Bakanlığın bülteninde Nüfus ve Konut Araştırmaları ile Türkiye Sağlık Araştırmaları’nın verileri de yer alıyor. Nüfus ve Konut Araştırmaları’nda elde edilen veri 2011 yılına ait olmasına rağmen her bültende araştırmanın bulgularına tekrar yer verildiği görülüyor. Türkiye Sağlık Araştırmaları’nın son verisi Haziran 2023’te paylaşıldıysa da, Kasım 2023’te yayımlanan bültenin içine 2022 verileri eklenmemiş. 
Milli Eğitim Bakanlığı ve İŞKUR Verileri 
Bültende engelli bireylerin istihdamına ve eğitimine ilişkin istatistikler de yer alıyor. Milli Eğitim Bakanlığı, en güncel veri üreten idari kaynaklardan biri. Milli Eğitim Bakanlığı’nın paylaştığı istatistiklere göre 2022-2023 eğitim öğretim yılında eğitim gören engelli öğrencilerin sayısı 507.804. Bu öğrencilerin 62.495’i özel eğitim okullarında, 61.059’u özel eğitim sınıflarında ve 384.250’si kaynaştırma eğitiminde yer alıyor.
Engelli bireylerin istihdamına ilişkin veriler için İŞKUR’un istatistikleri bir diğer güncel kaynak. İŞKUR her ay internet sitesinde İstihdamı Zorunlu Kontenjanları’nda engelli çalıştırmakla yükümlü işyerlerinde çalışan engelli bireylere dair verileri yayımlıyor. Her ay İŞKUR aracılığıyla kaç engelli bireyi istihdam ettiği, kamu kurumunda engelli kadrosunda istihdam edilen memur sayısı gibi verileri yayımlasa da İŞKUR her alanda çalışan engelli bireylerin istatistiğini sağlayamıyor. Engelli bireylerin istihdamı konusunda bir temsil sorunu bulunuyor. 

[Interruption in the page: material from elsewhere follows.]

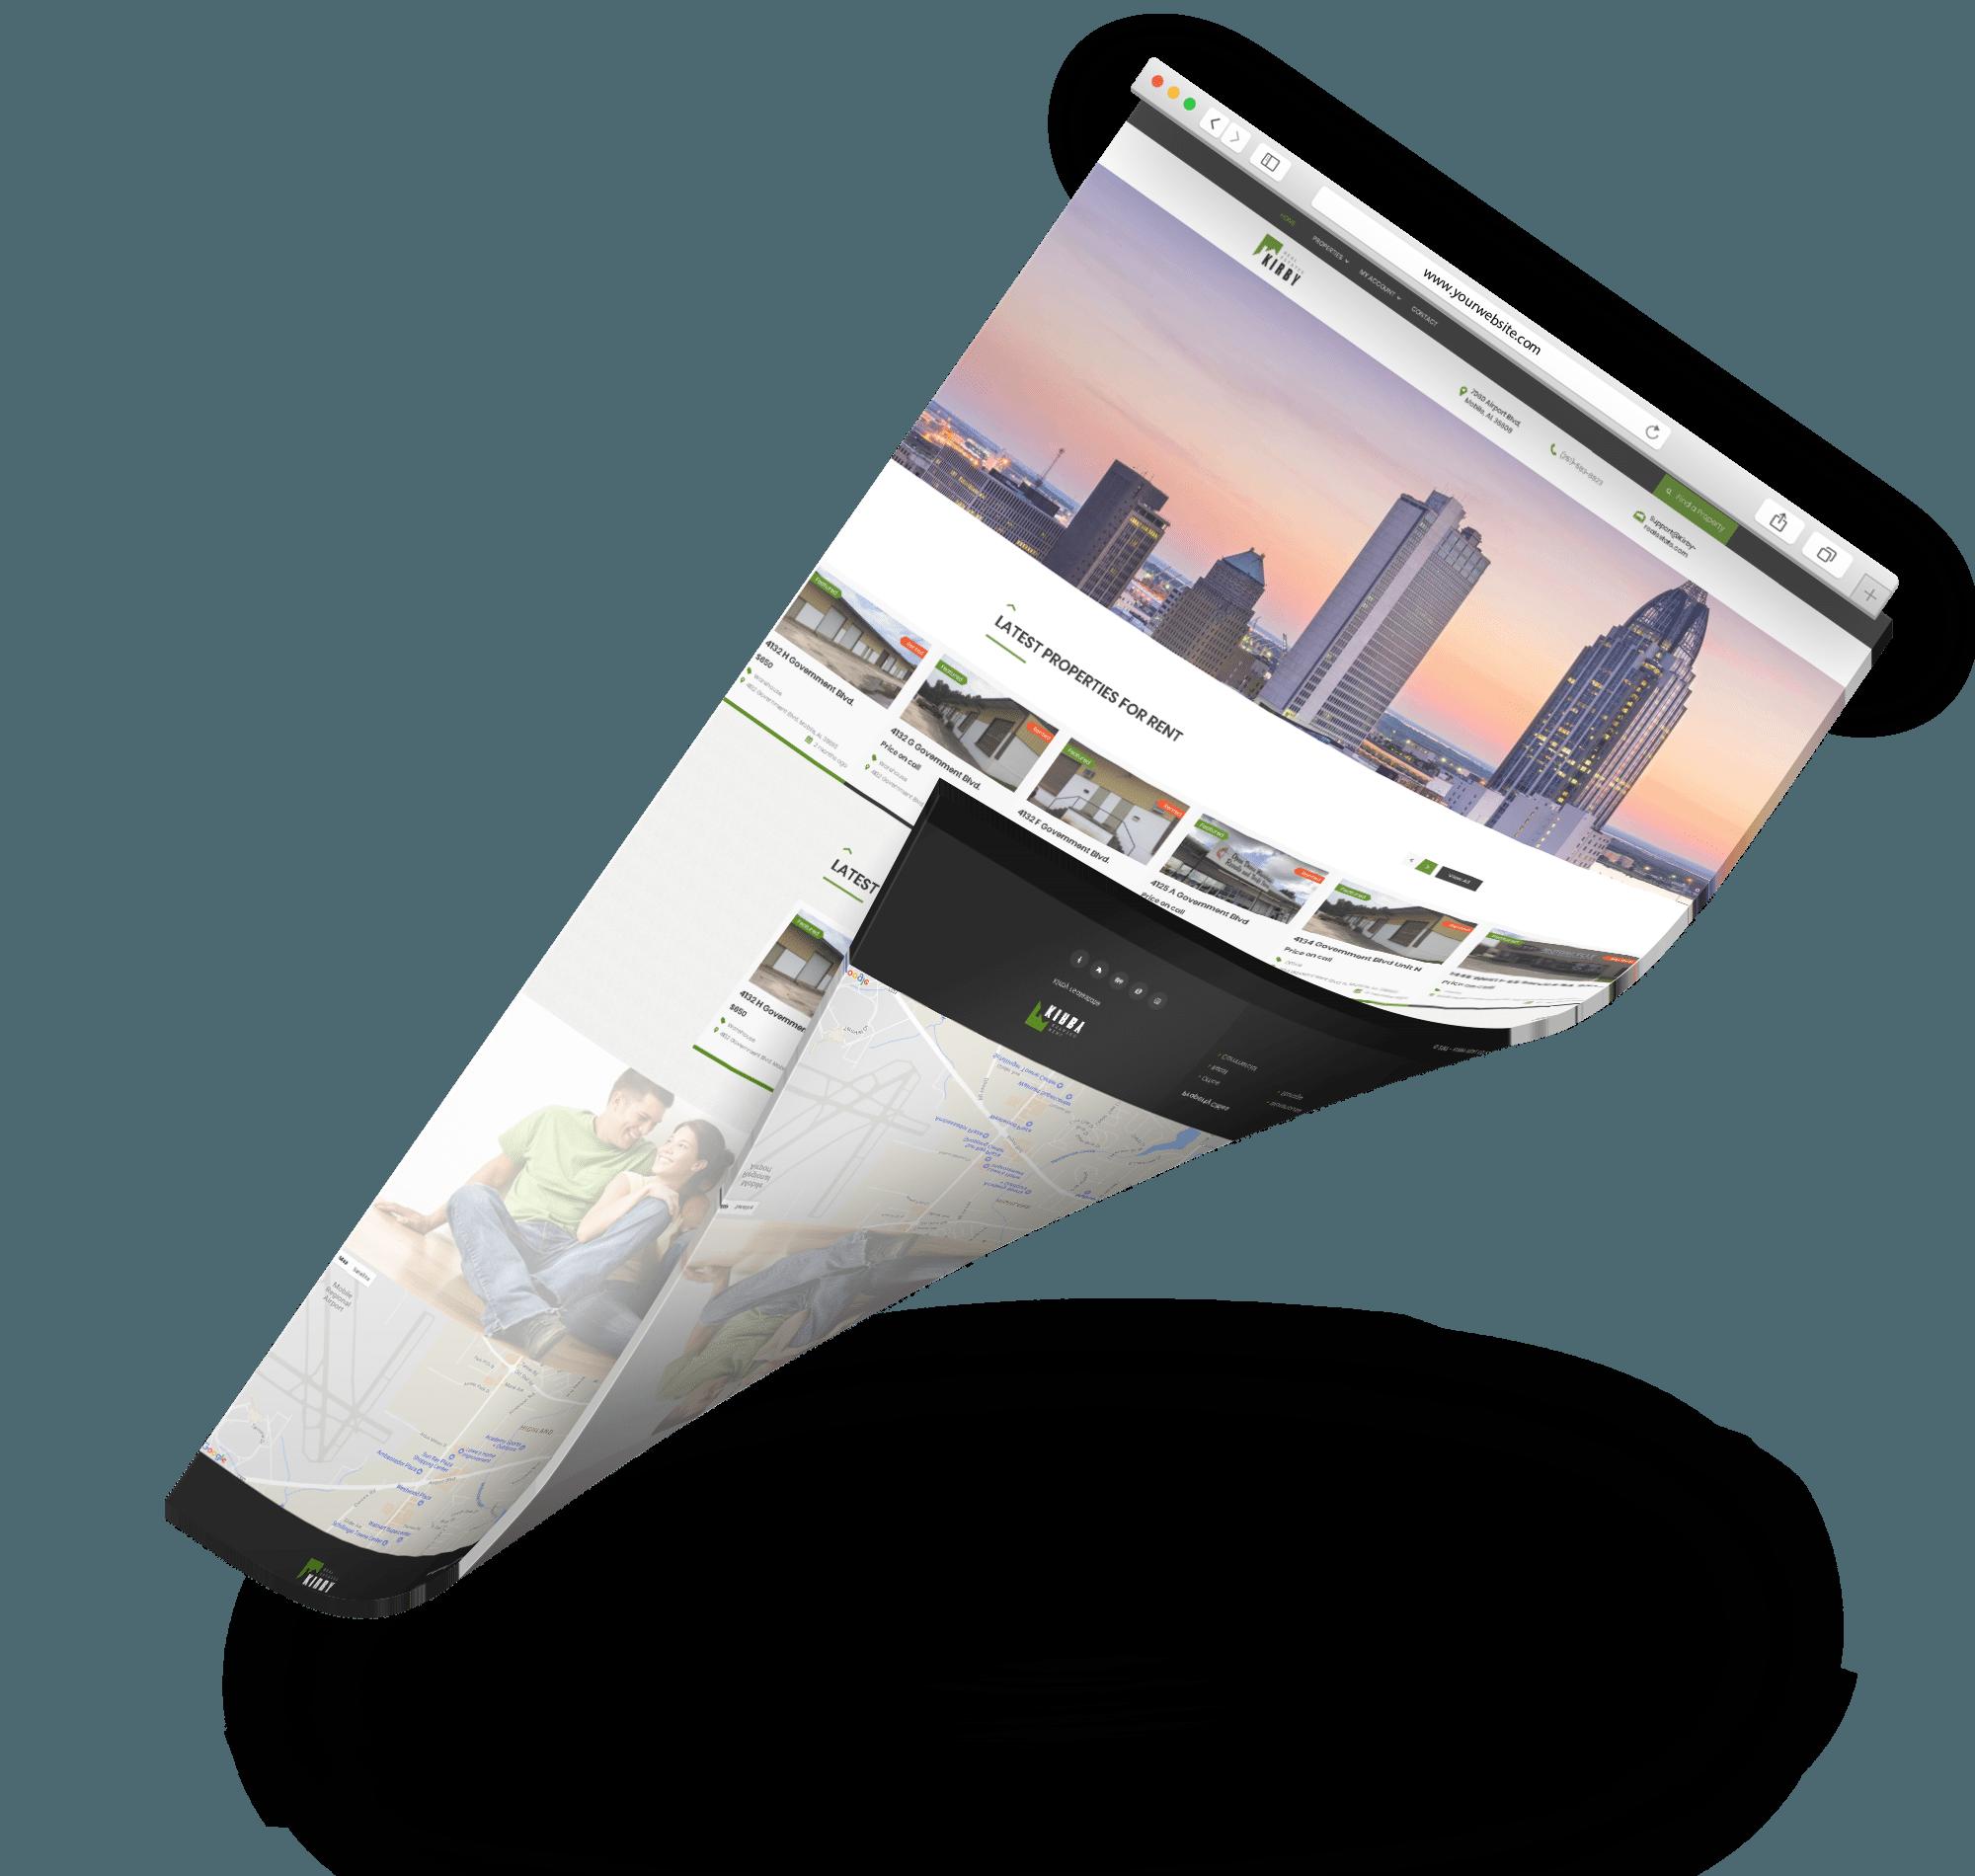 kirby real estate web design sem seo specialist

Engelliler Haftası, toplumsal farkındalığı artırmak ve engelli bireylerin yaşamlarını iyileştirmeyi tekrar düşünmek için önemli bir fırsat. Ancak, bu farkındalığın ve iyileştirme çabalarının sürdürülebilir olabilmesi, engelli nüfusun deneyimlerinin, sorunlarının ve toplumsal yaşama katılımının toplumda doğru temsil edilebilmesi için kapsamlı verilerin üretilmesine ihtiyaç var.